■ YOUR ASSIGNMENT: Take from the entries below the stretch from the line with "Hattersley domestic loom" through the line with "Die Moschee von", and return it exactly, leaving the pictures out.

■ DATA:
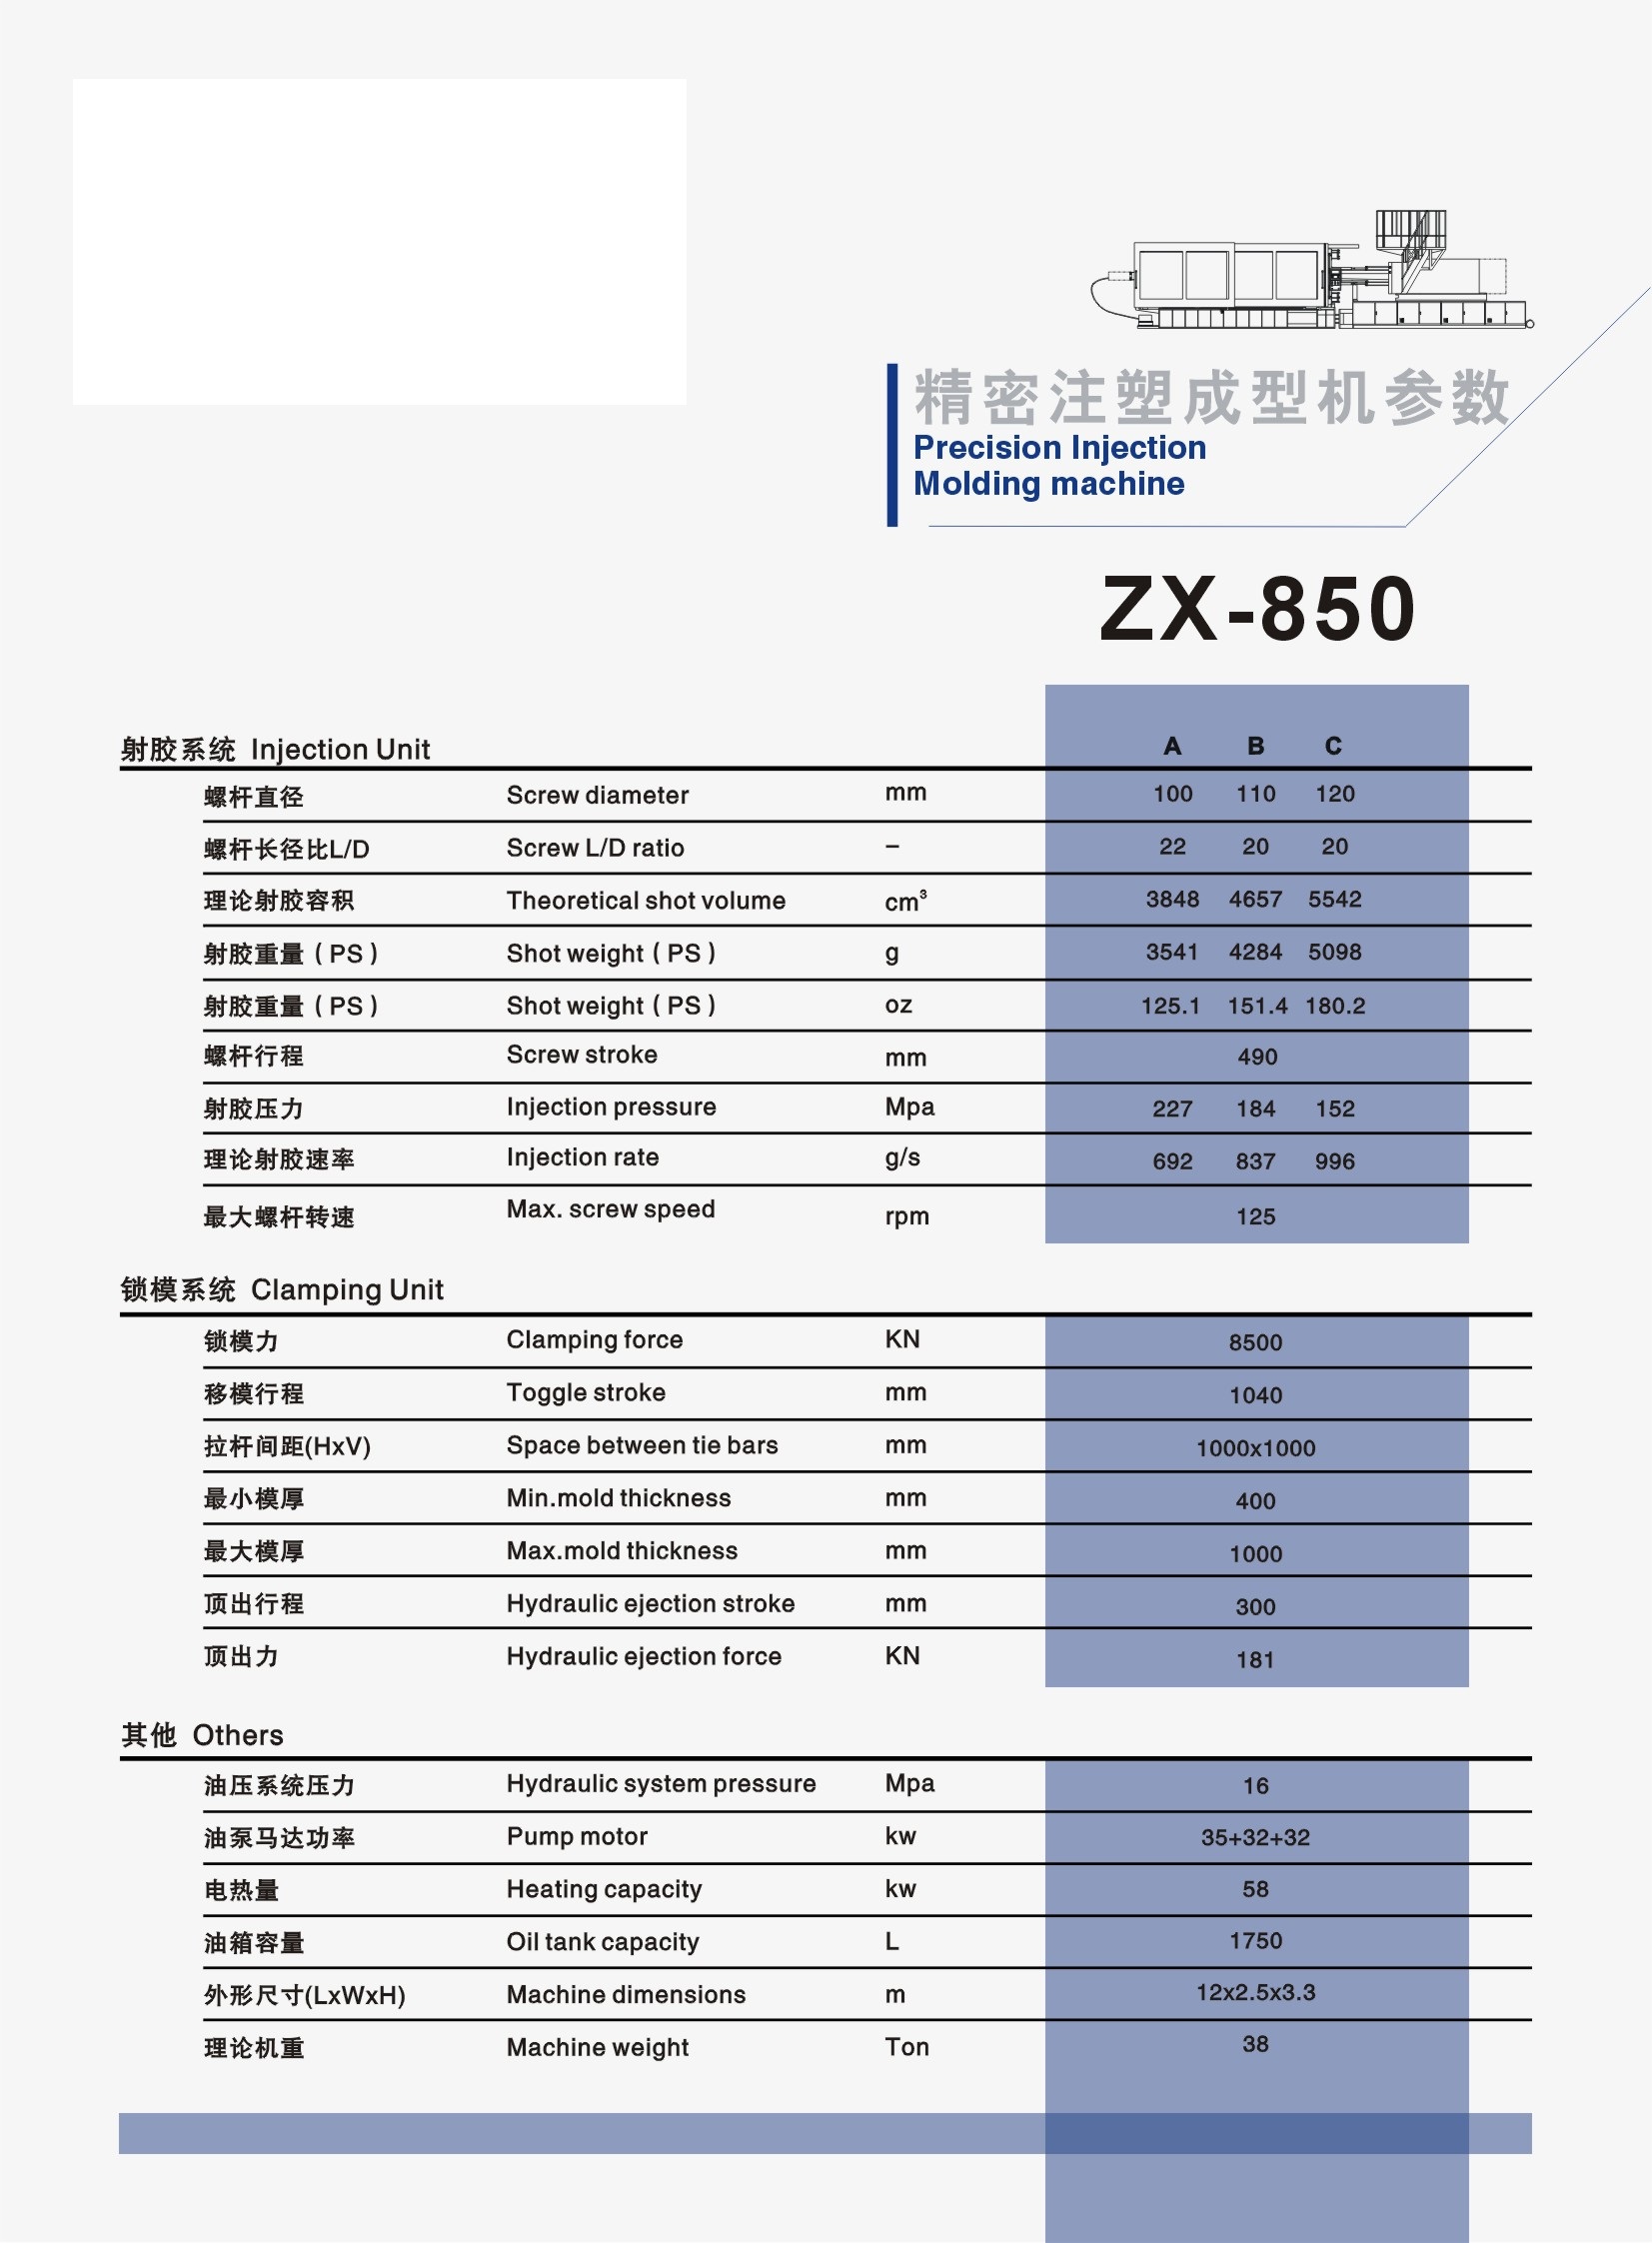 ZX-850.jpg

---

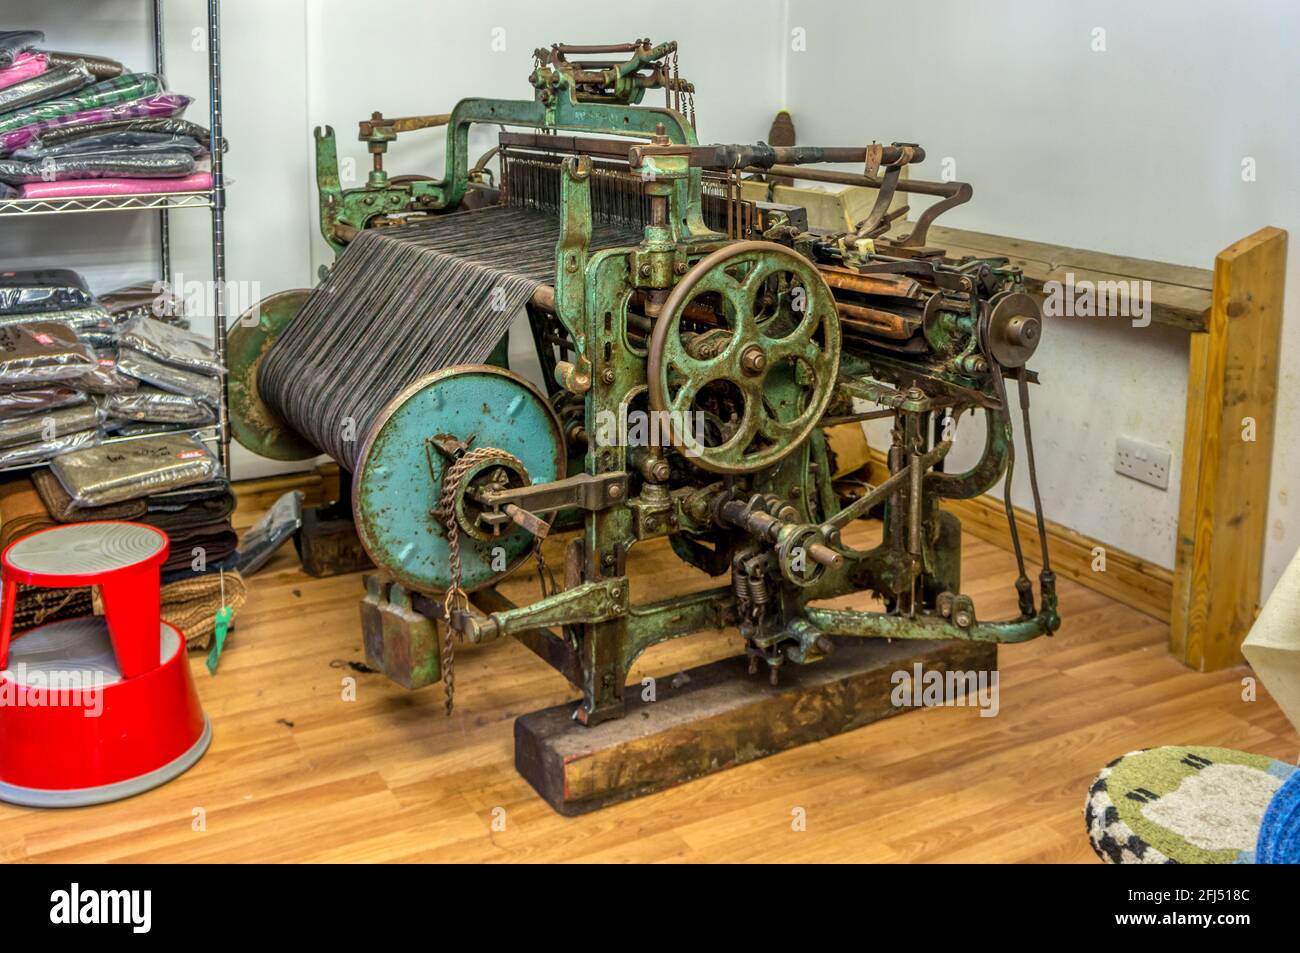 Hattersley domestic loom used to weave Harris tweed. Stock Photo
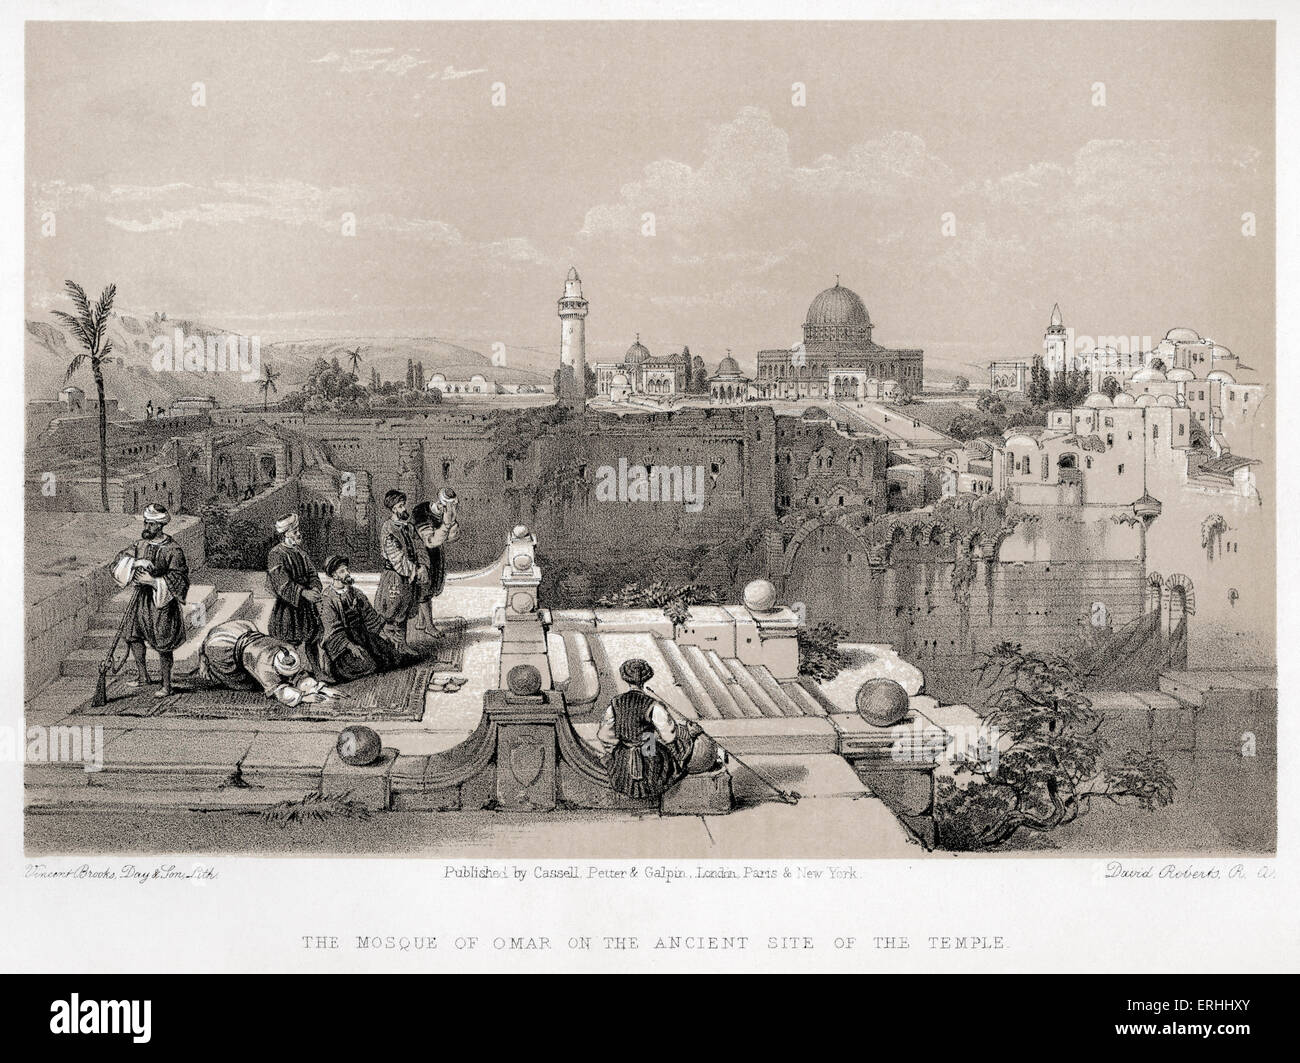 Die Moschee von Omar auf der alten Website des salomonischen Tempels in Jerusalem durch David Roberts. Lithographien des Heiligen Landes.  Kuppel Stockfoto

...

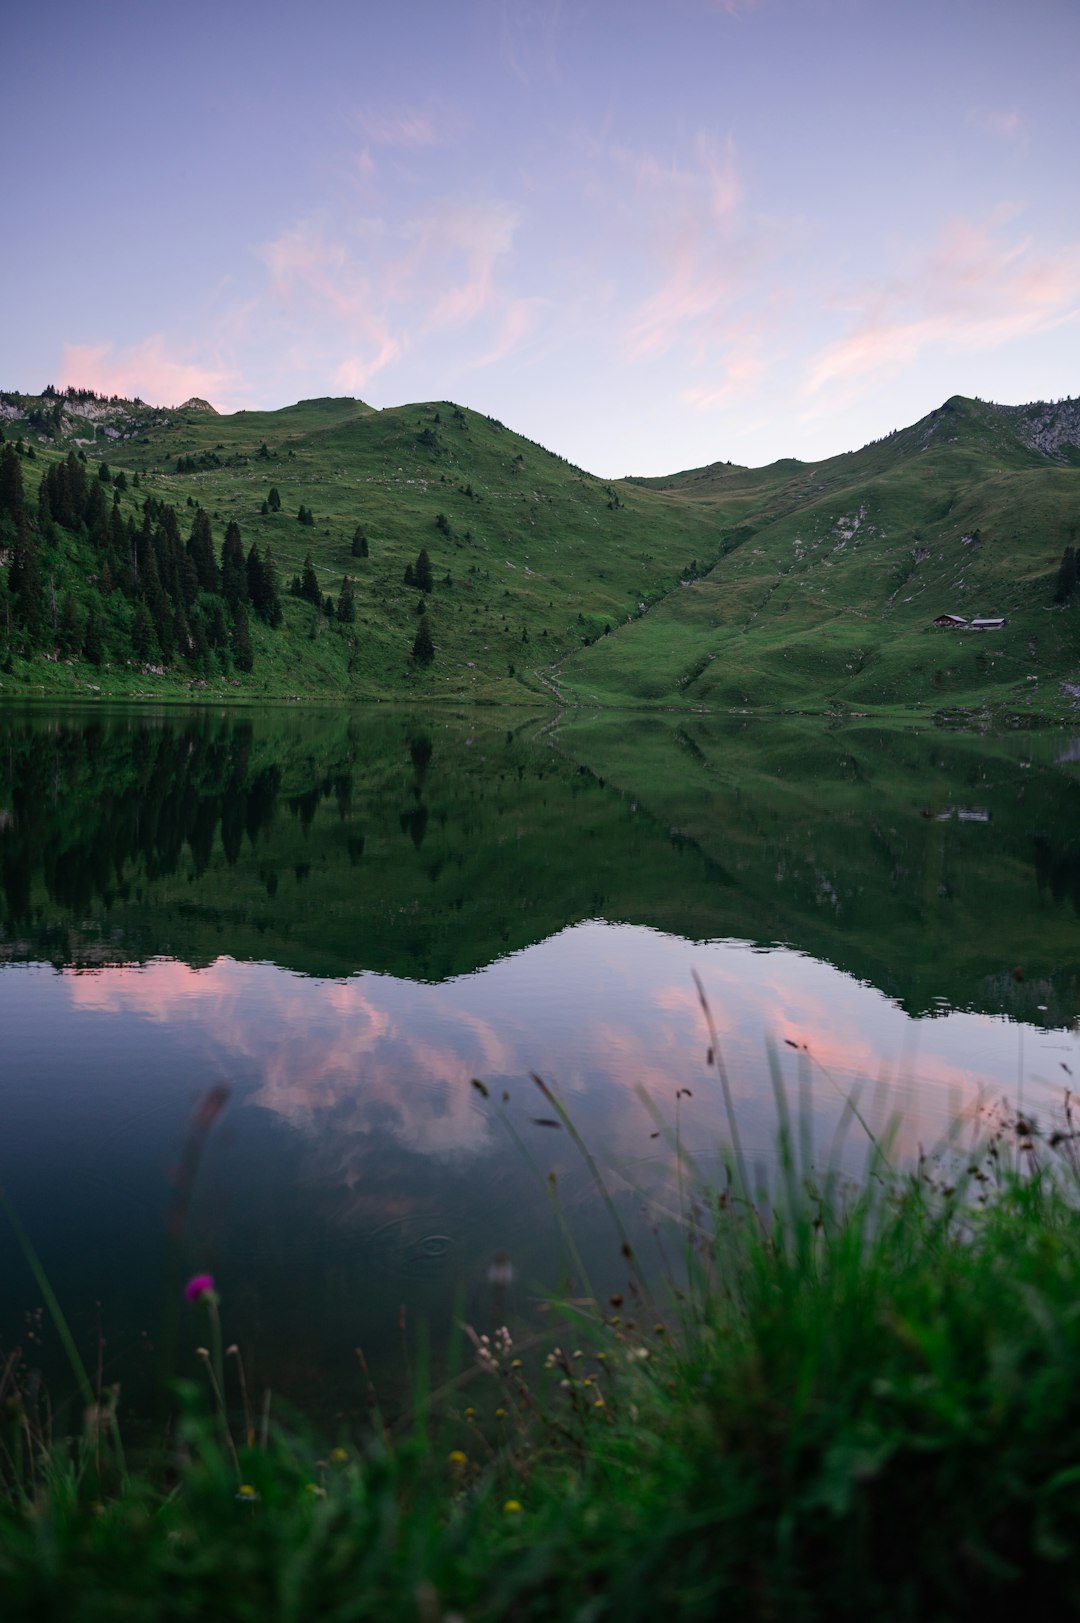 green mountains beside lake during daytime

■ RESULT BELOW:
 Hattersley domestic loom used to weave Harris tweed. Stock Photo
 Die Moschee von Omar auf der alten Website des salomonischen Tempels in Jerusalem durch David Roberts. Lithographien des Heiligen Landes.  Kuppel Stockfoto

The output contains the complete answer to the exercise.